Although the importance of student scholarships has been well established, the College Fund has long understood that scholarships are not enough to create equitable access to higher education.

Today 15.4 percent of AIAN people aged 25 and older in the United States have achieved a bachelor’s degree or higher—less than half the national average—according to the U.S. Census Bureau.

“Culture at the Heart: An Indigenous Approach to Enrollment and Retention” will enable the College Fund to create a comprehensive and integrated system of student and institutional support that is critical to AIAN students considering, preparing for, entering, and graduating from college.

The program’s foundation is deeply rooted in Tribal cultures and values to strategically address the ways AIAN students attending TCUs experience admissions, enrollment, student support services, coaching, academic planning, and career development. By taking this culturally based approach to enrollment and retention, participating TCUs can scale both individual and systemic solutions for student success, while mapping their own processes, goals, and implementation plans according to the Tribal cultures and values in the communities they serve. 

Lilly Endowment’s grant is the largest gift the College Fund has received in its 33-year history.

Founded in 1989 with partial start-up funding from Lilly Endowment, the College Fund began as an organization dedicated to raising college scholarship funds for AIAN students and to promote national awareness of TCUs.
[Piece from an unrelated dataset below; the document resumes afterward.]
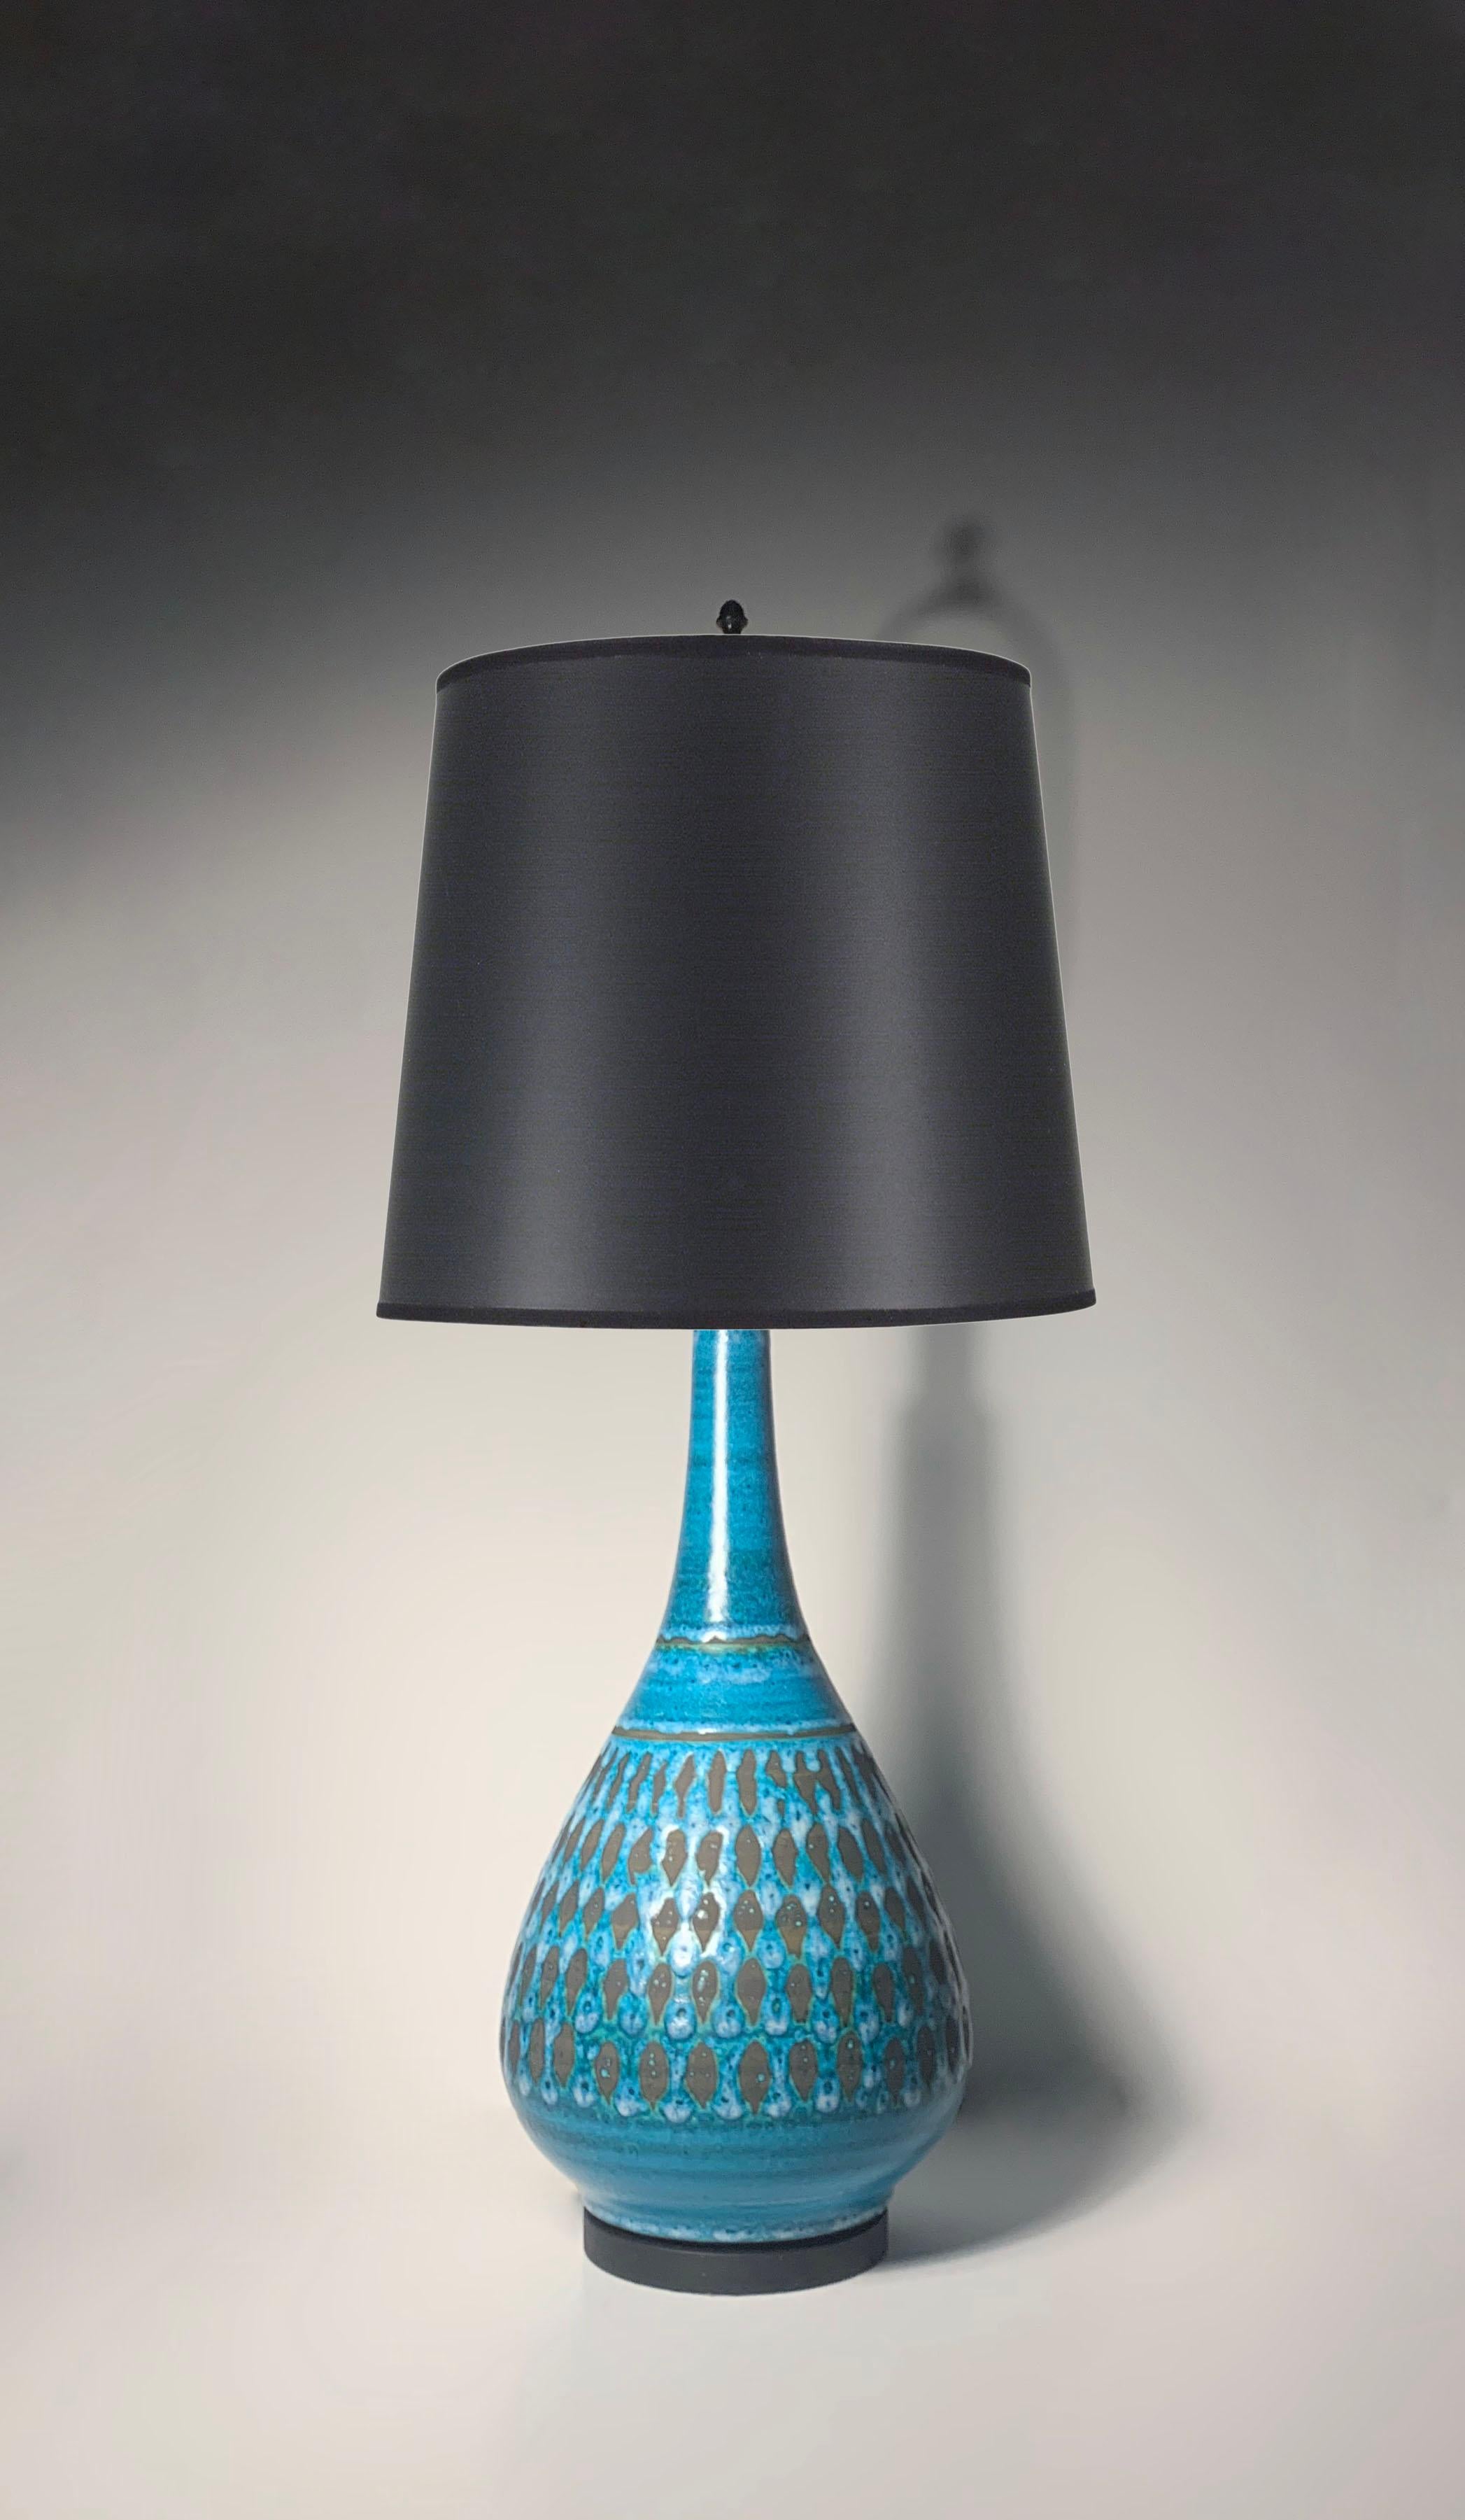 Vintage modern lamp in a beautiful blue color with matt black design. Very much in the manner of Aldo Londi for Bitossi.  Lamp in unmarked. Uncertain of origin whether it is American or possibly Italian.

40.5

Since then, Lilly Endowment has made several grants to the College Fund to support capital needs of TCUs and a variety of leadership and capacity-building initiatives.

“American Indian College Fund is an important supporter of, and advocate for, tens of thousands of AIAN students around the country, many of whom attend TCUs,” Ted Maple, Lilly Endowment’s vice president for education, said. “We hope that this grant to the College Fund will enable TCUs to help even more AIAN students thrive, build meaningful careers, and become leaders in their communities.”